What is KNN Regression?
KNN (K-Nearest Neighbors) regression is a type of instance-based learning or non-parametric regression algorithm. It uses the training data to make predictions. It does not learn a model that can be used to make predictions for new data points. The KNN algorithm doesn’t make any assumptions about the training dataset.
It is a simple and straightforward approach to regression that can be used for both regression and classification problems. In KNN regression, we predict the value of a dependent variable for a data point based on the average or mean of the target values of its K nearest neighbors in the training data. The value of K is a user-defined hyperparameter. It determines the number of nearest neighbors used to make the prediction.

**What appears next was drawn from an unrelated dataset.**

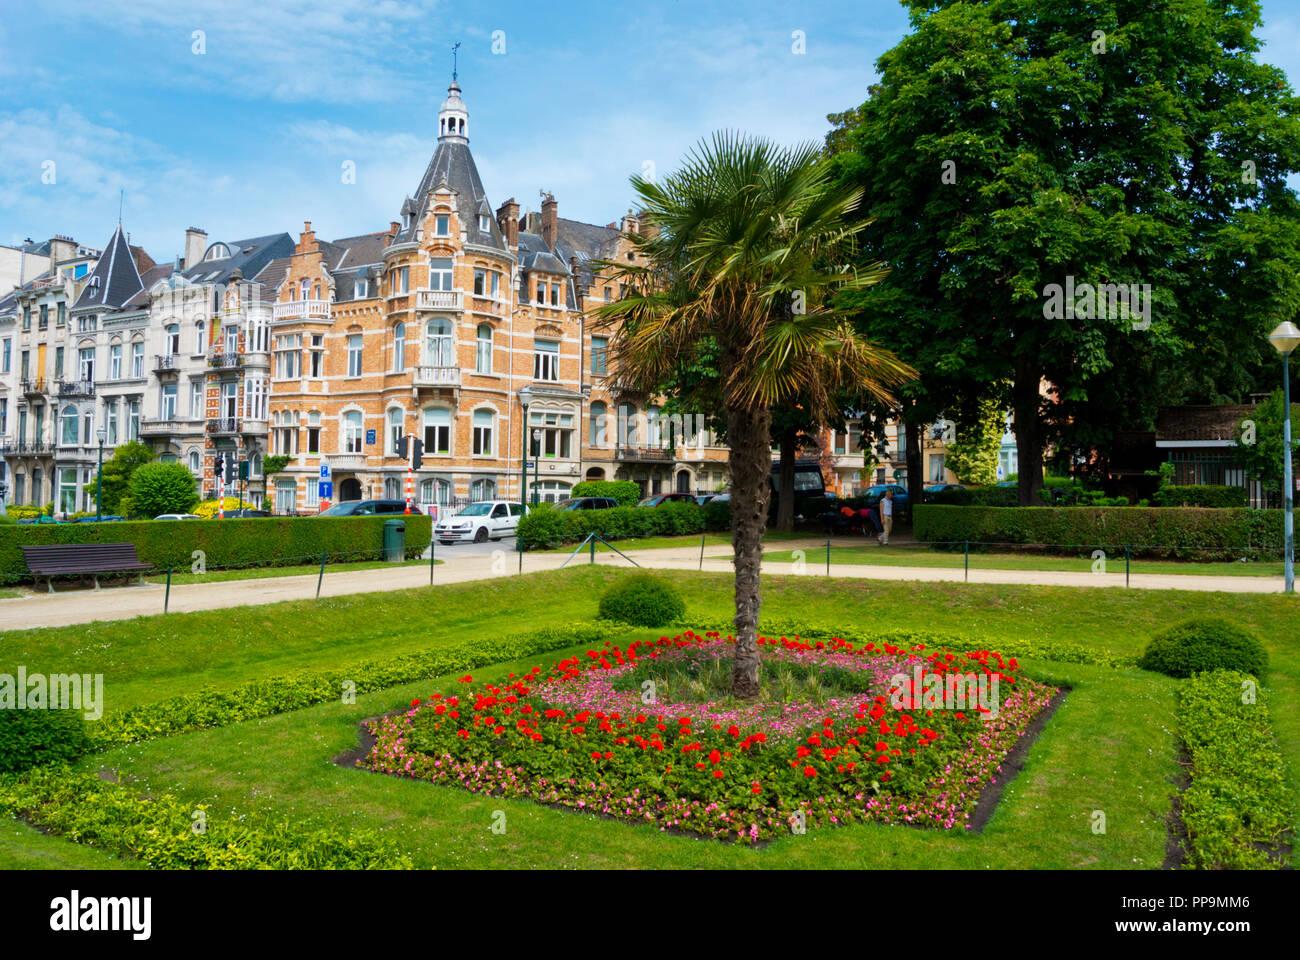 Ambiorix Square, Quartier des Squares, Brussels, Belgium - Stock Image

KNN regression is different from linear or polynomial regression as it does not make any assumptions about the underlying relationship between the features and the target variables. For instance, linear regression and multiple regression work on the assumption that the dependent variables and the independent variables in a dataset are linearly related. The KNN regression algorithm doesn’t make any such assumptions. Instead, it relies on the patterns in the data to make predictions.
The K-Nearest Neighbors algorithm is a scalable approach to regression. This is a good choice for large datasets as well as small datasets. Also, we can use KNN regression for both continuous and categorical target variables (as in KNN classification). However, it is important to choose the right value of K, as a small value can lead to overfitting and a large value can lead to underfitting.
Now that we have an idea of what the K-Nearest Neighbors regression algorithm looks like, let us discuss the algorithm first.
KNN Regression Algorithm
The KNN regression algorithm can be broken down into the following steps:
- Choose a value for K: We first choose a value for K. This determines the number of nearest neighbors used to make the prediction.
- Calculate the distance: After choosing K, we calculate the distance between each data point in the training set and the target data point for which a prediction is being made. For this, we can use a variety of distance metrics, including Euclidean distance, Manhattan distance, or Minkowski distance.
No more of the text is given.